• Materials provided:
= = = = = = =

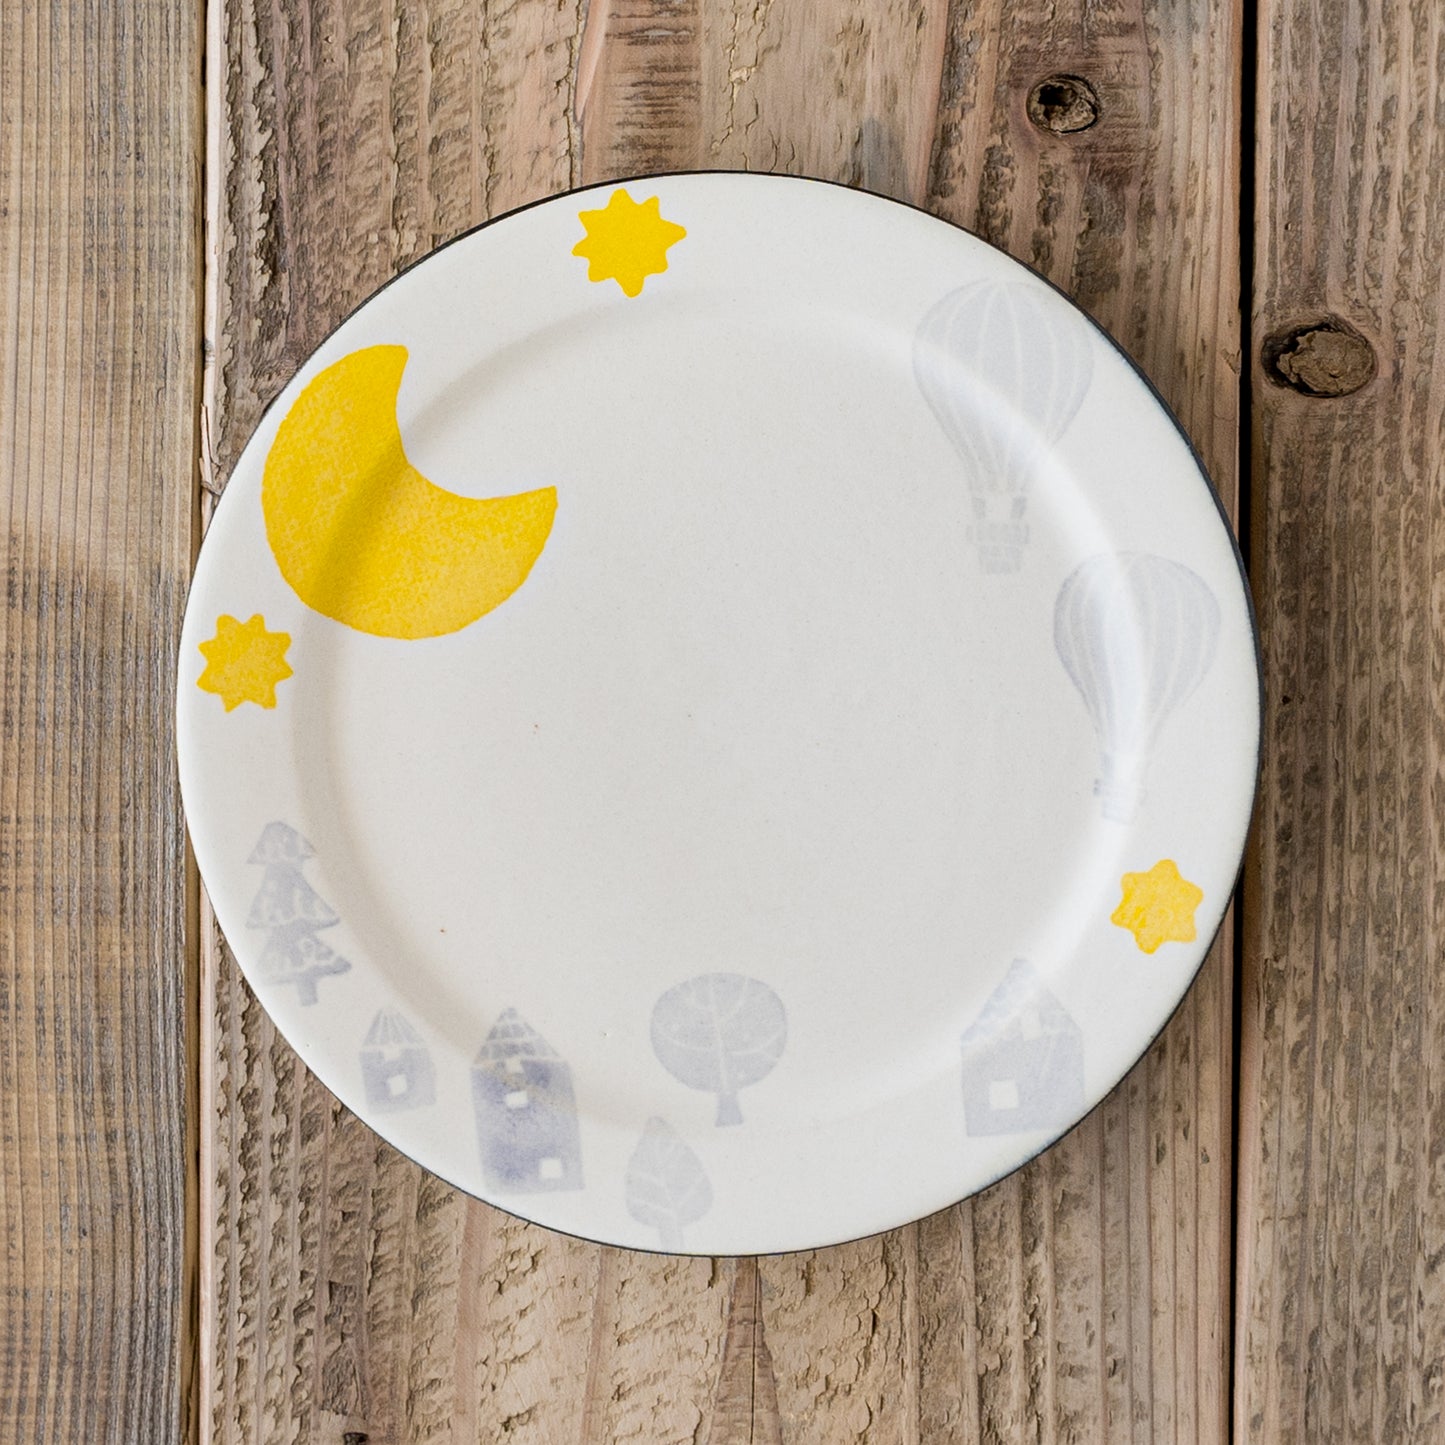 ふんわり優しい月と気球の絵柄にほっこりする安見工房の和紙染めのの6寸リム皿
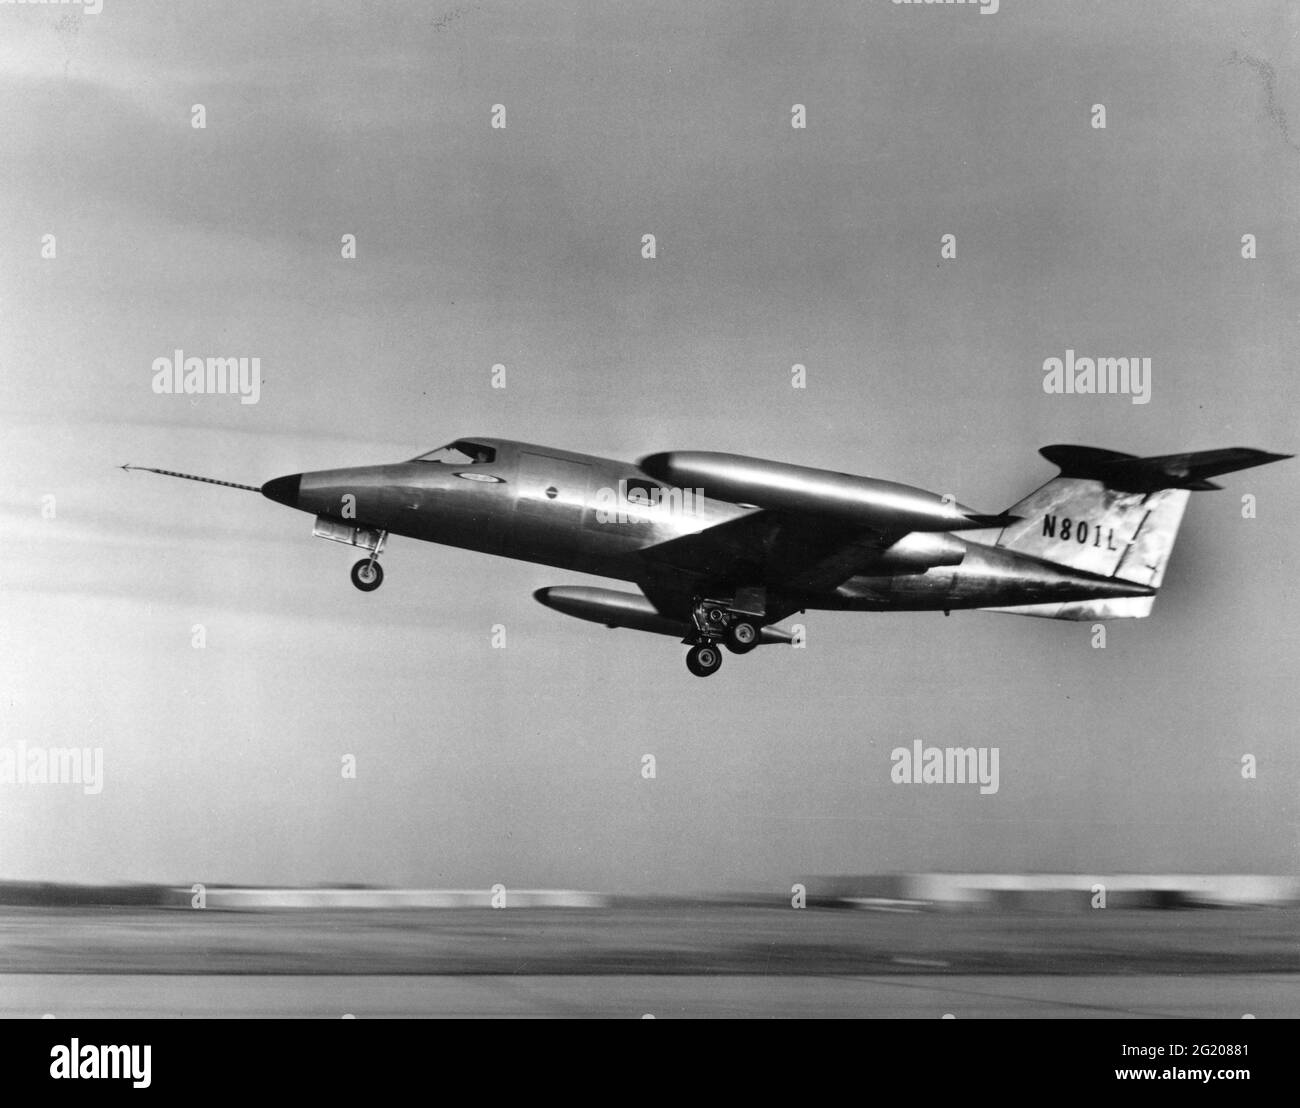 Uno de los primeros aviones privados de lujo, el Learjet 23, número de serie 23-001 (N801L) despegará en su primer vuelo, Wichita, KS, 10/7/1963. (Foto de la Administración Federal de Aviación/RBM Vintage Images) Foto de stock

= = = = = = =

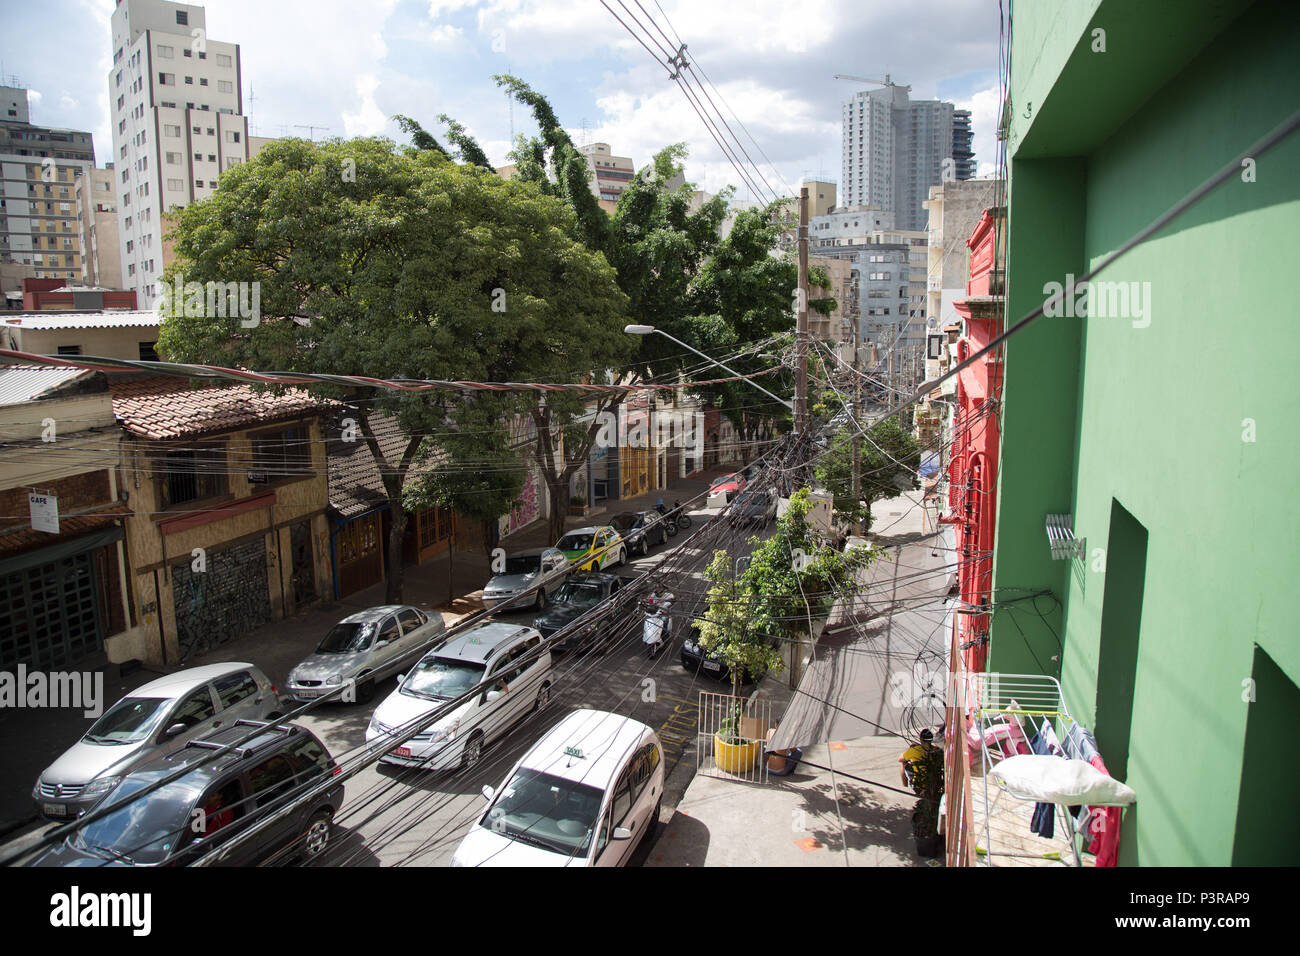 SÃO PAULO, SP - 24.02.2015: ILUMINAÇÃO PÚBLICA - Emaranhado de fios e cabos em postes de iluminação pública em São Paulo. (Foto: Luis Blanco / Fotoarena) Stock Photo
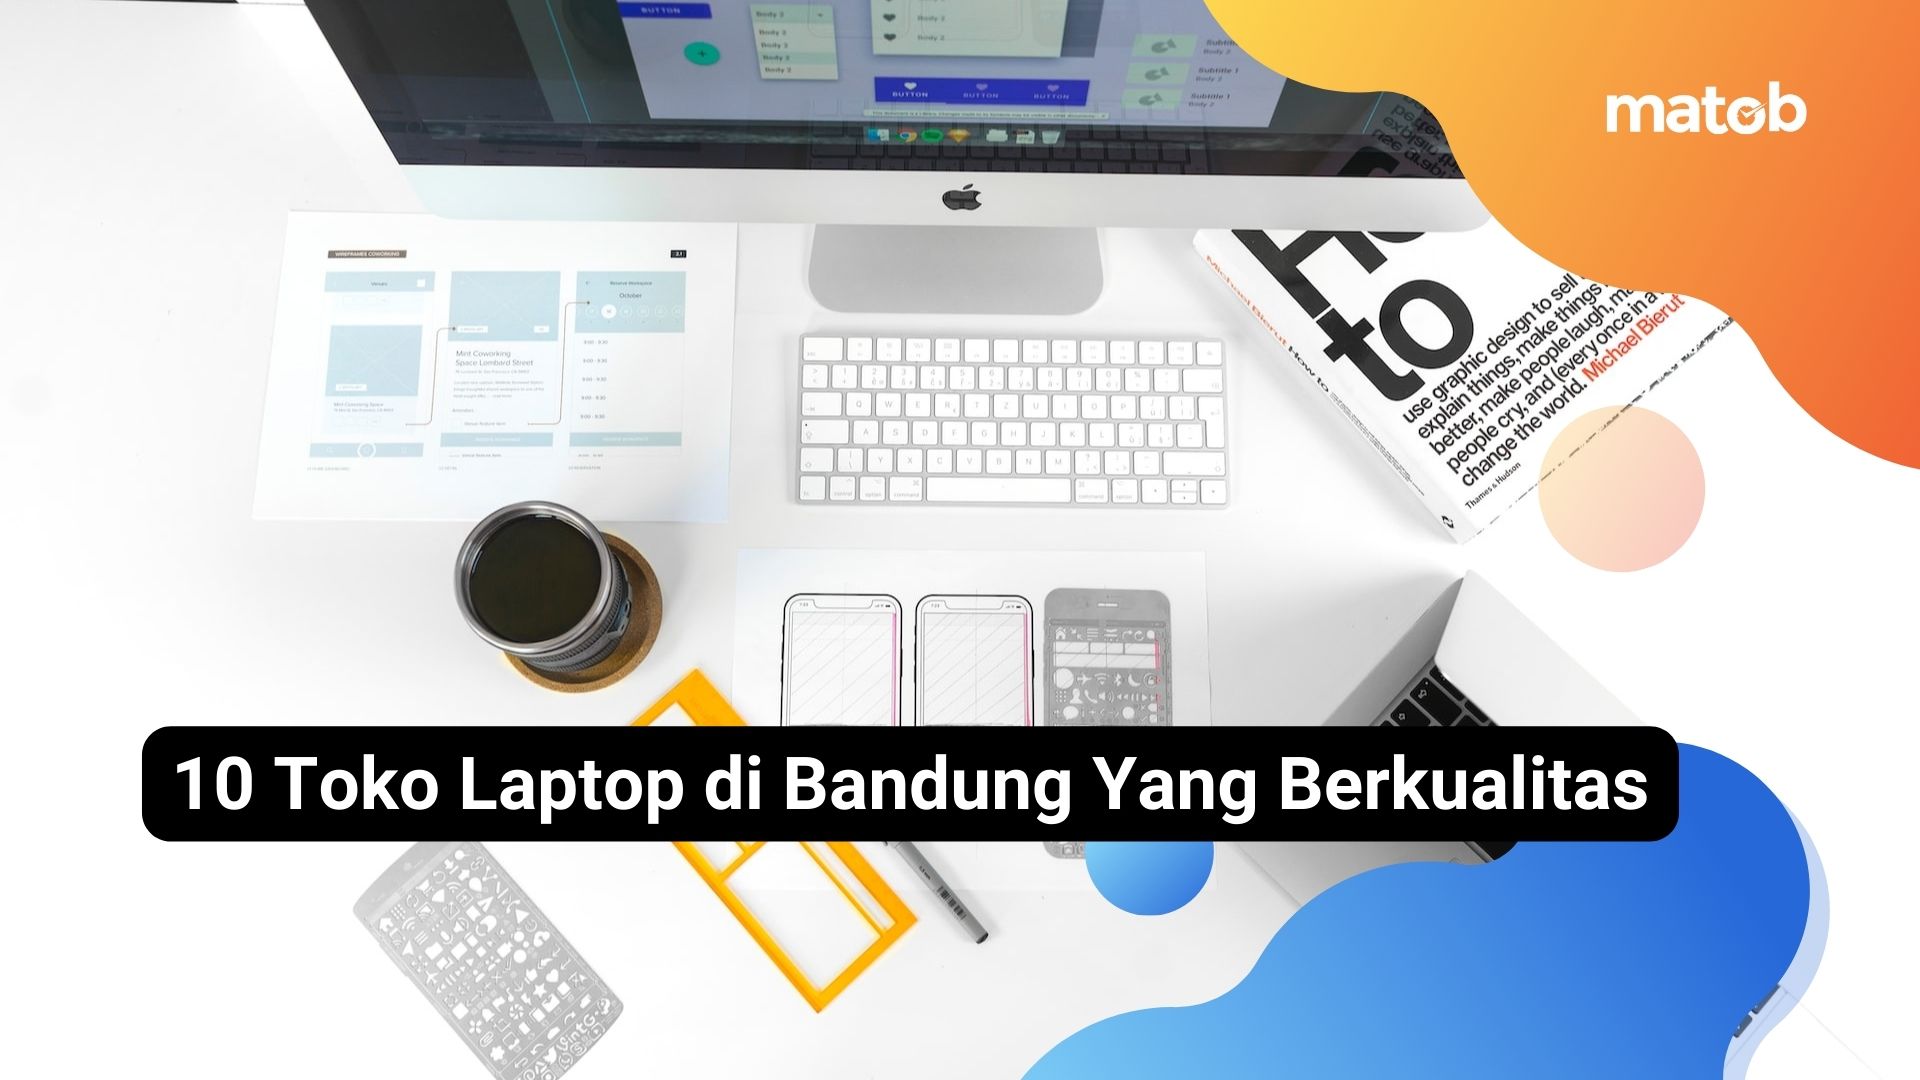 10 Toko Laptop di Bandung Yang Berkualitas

= = = = = = =

• Task statement: In the material above, one part opens with the line containing "ふんわり優しい月と気球の絵柄にほっこりする安見工房の和紙染めのの6寸リム皿" and closes with the line containing "Uno de los primeros". Write out that part exactly and skip its pictures.

• Solved problem:
 ふんわり優しい月と気球の絵柄にほっこりする安見工房の和紙染めのの6寸リム皿
 Uno de los primeros aviones privados de lujo, el Learjet 23, número de serie 23-001 (N801L) despegará en su primer vuelo, Wichita, KS, 10/7/1963. (Foto de la Administración Federal de Aviación/RBM Vintage Images) Foto de stock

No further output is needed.